* Information provided:
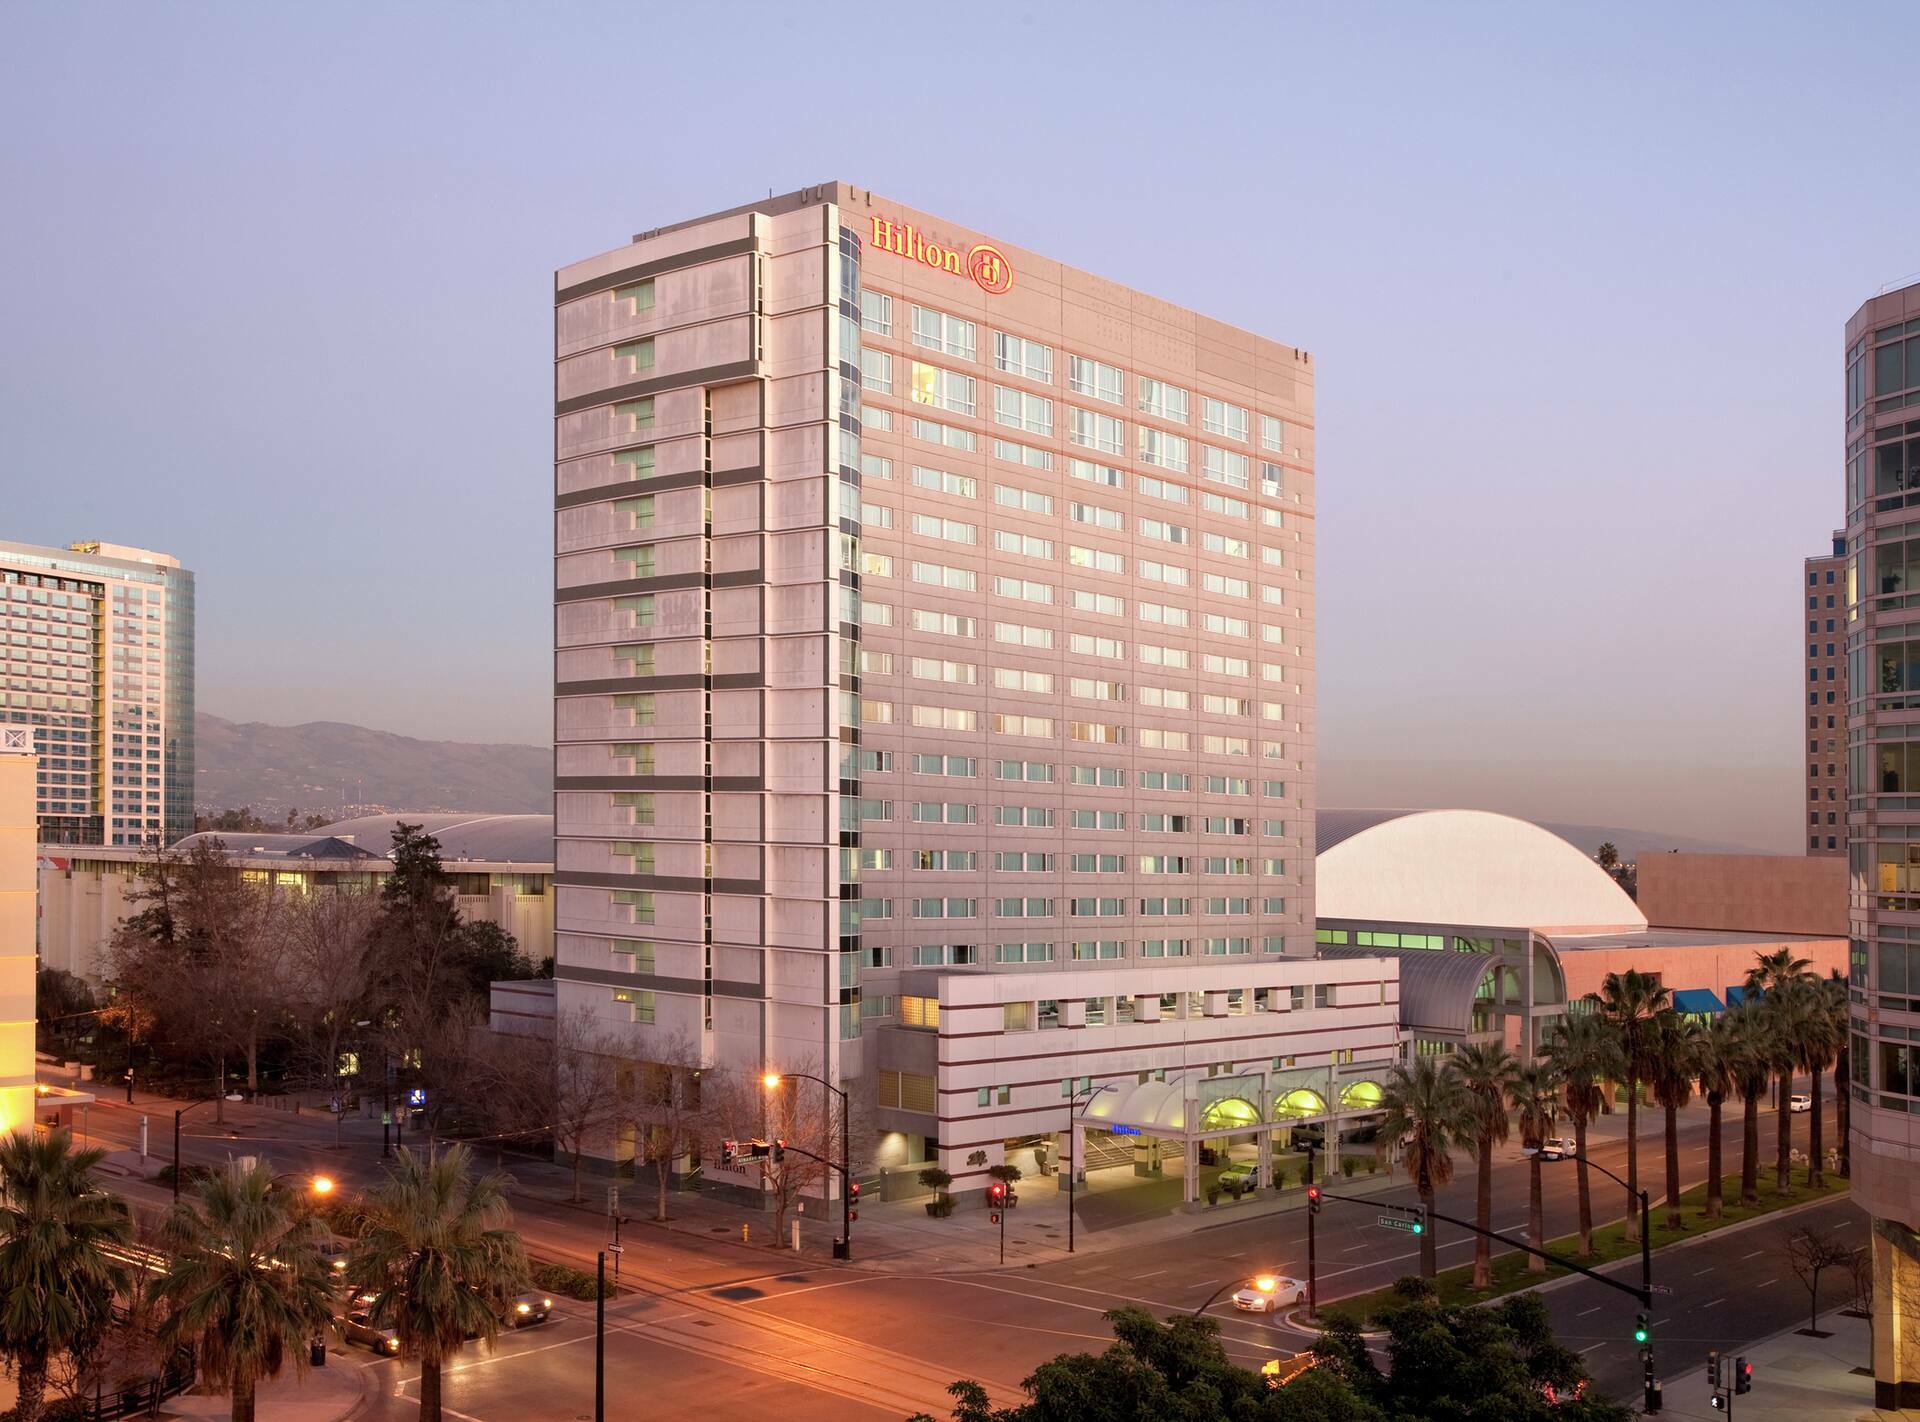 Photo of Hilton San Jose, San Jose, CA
==
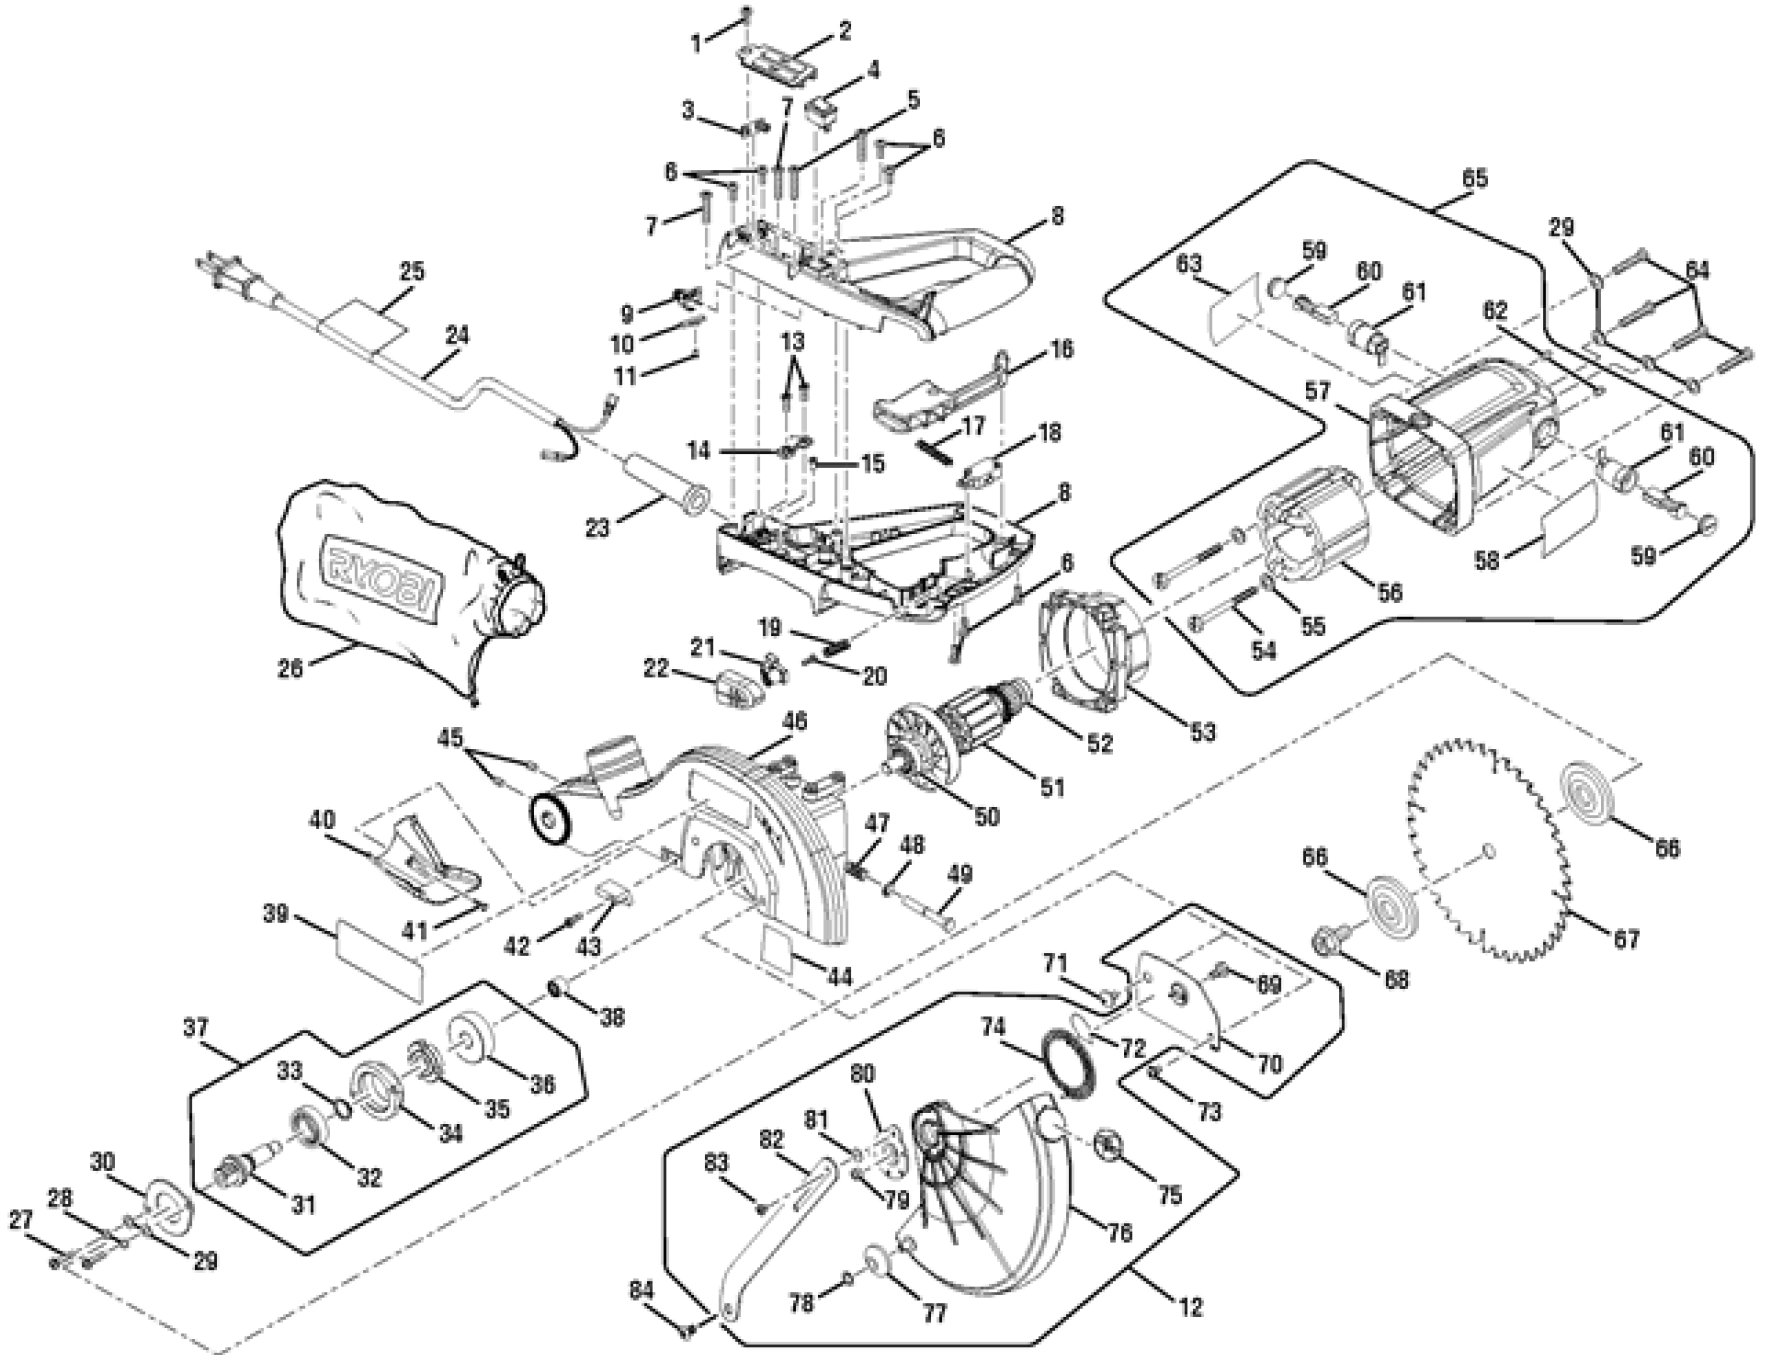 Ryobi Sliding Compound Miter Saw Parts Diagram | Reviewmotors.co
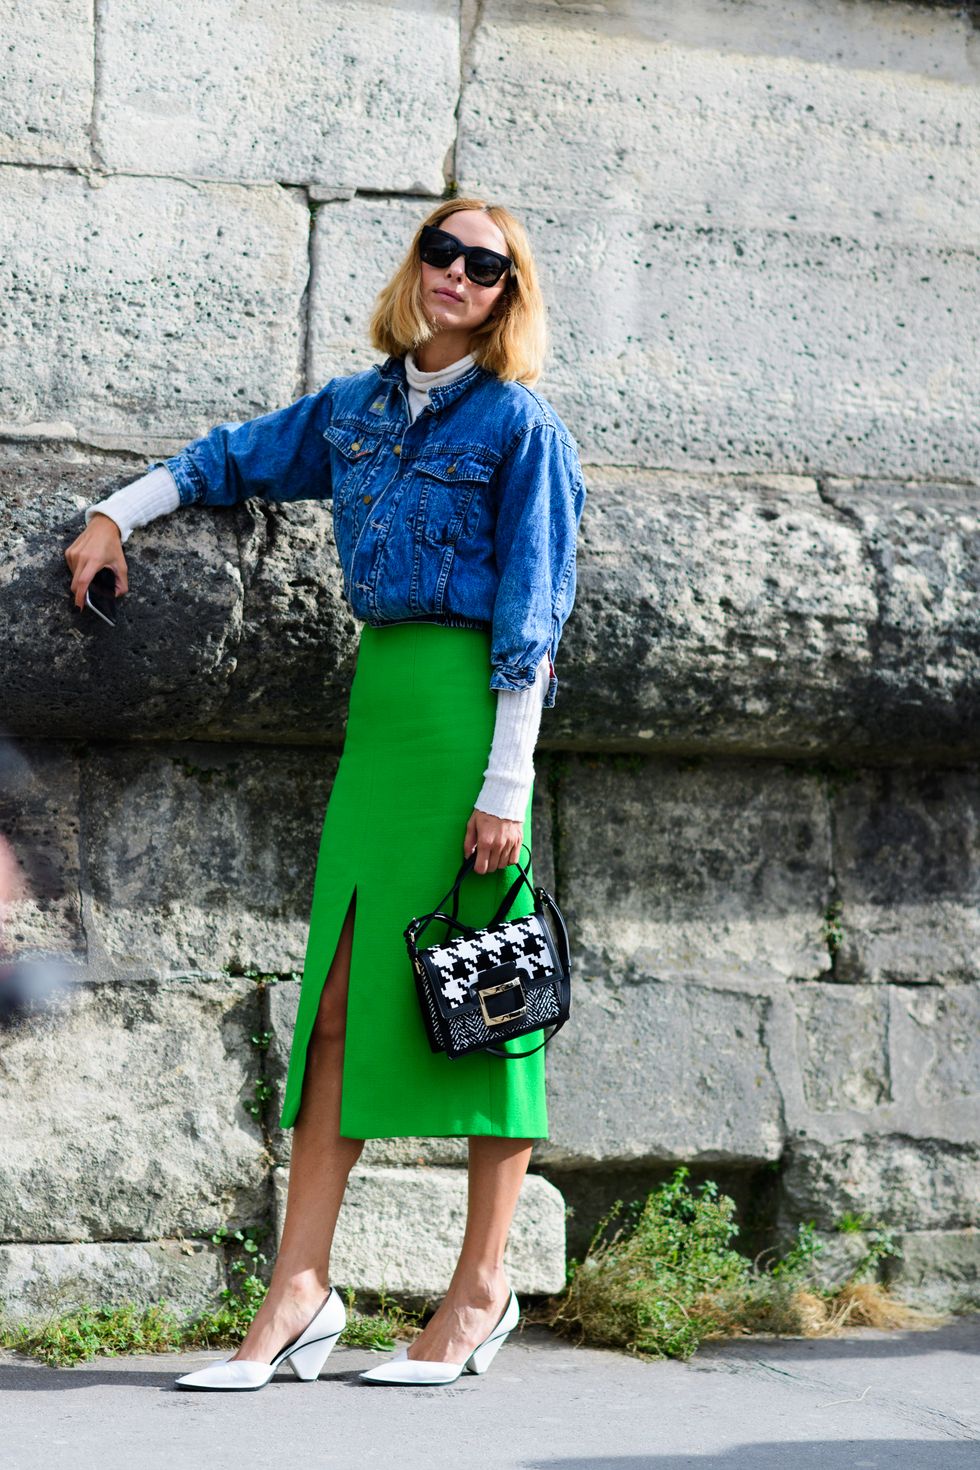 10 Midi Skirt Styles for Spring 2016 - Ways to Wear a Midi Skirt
* * *
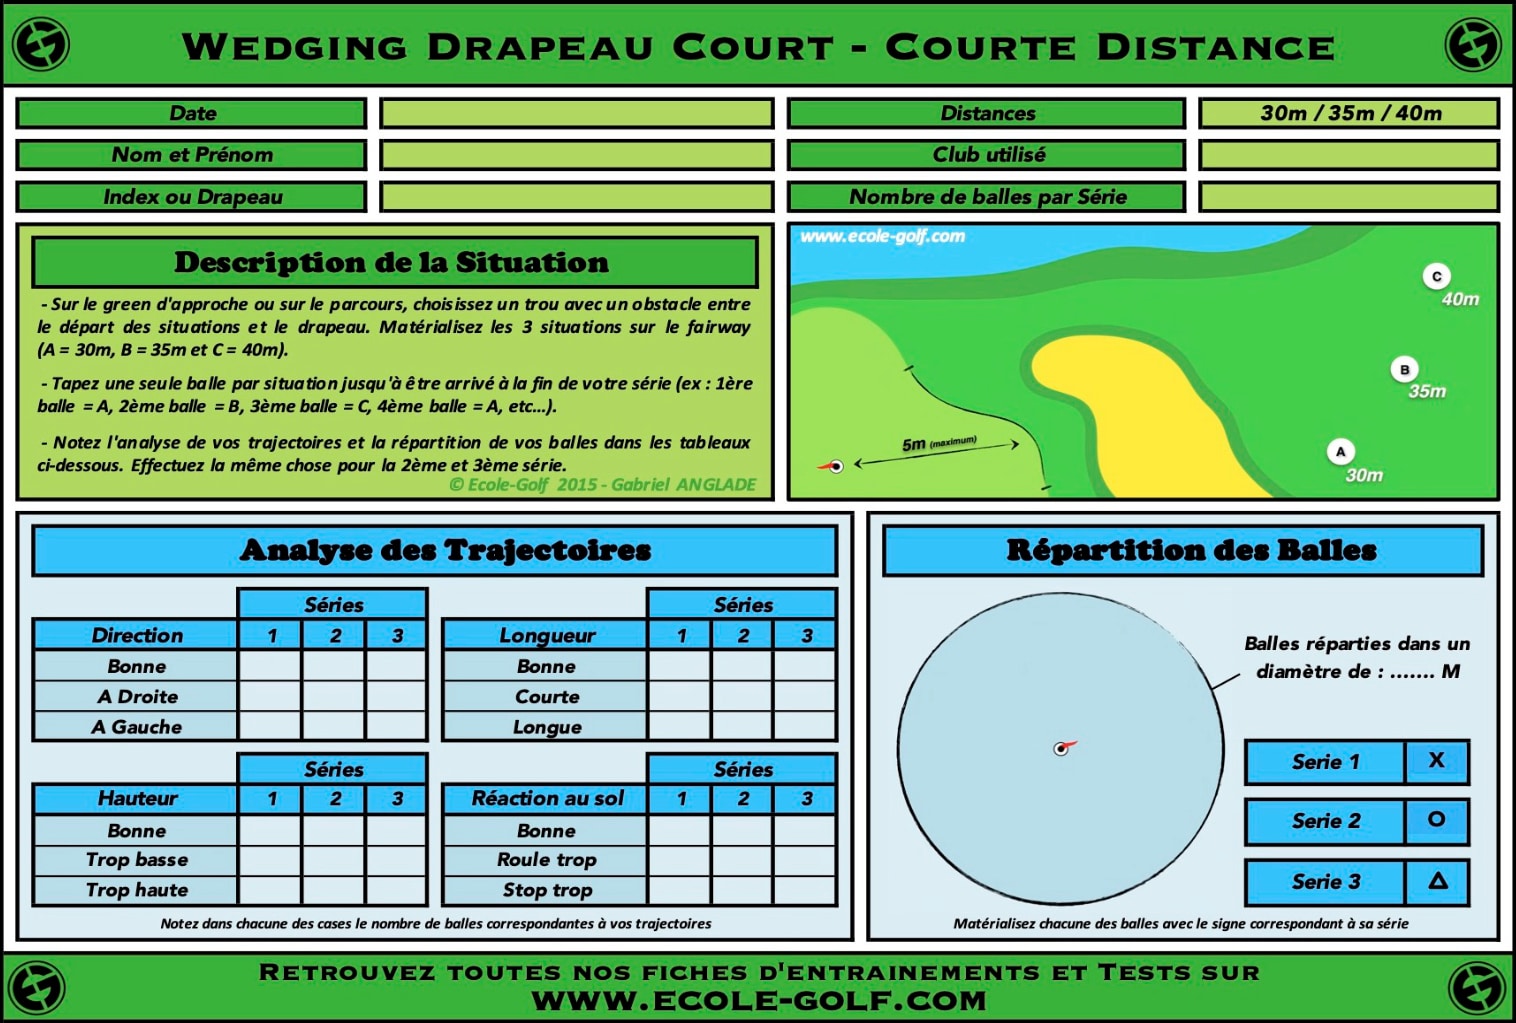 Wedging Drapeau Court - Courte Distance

* What needs to be done:
In the listing above, find the line with "Ryobi Sliding Compound" and the line with "10 Midi Skirt". Copy both of them and every line between, exactly, but not the pictures.

* Your response:
 Ryobi Sliding Compound Miter Saw Parts Diagram | Reviewmotors.co
 10 Midi Skirt Styles for Spring 2016 - Ways to Wear a Midi Skirt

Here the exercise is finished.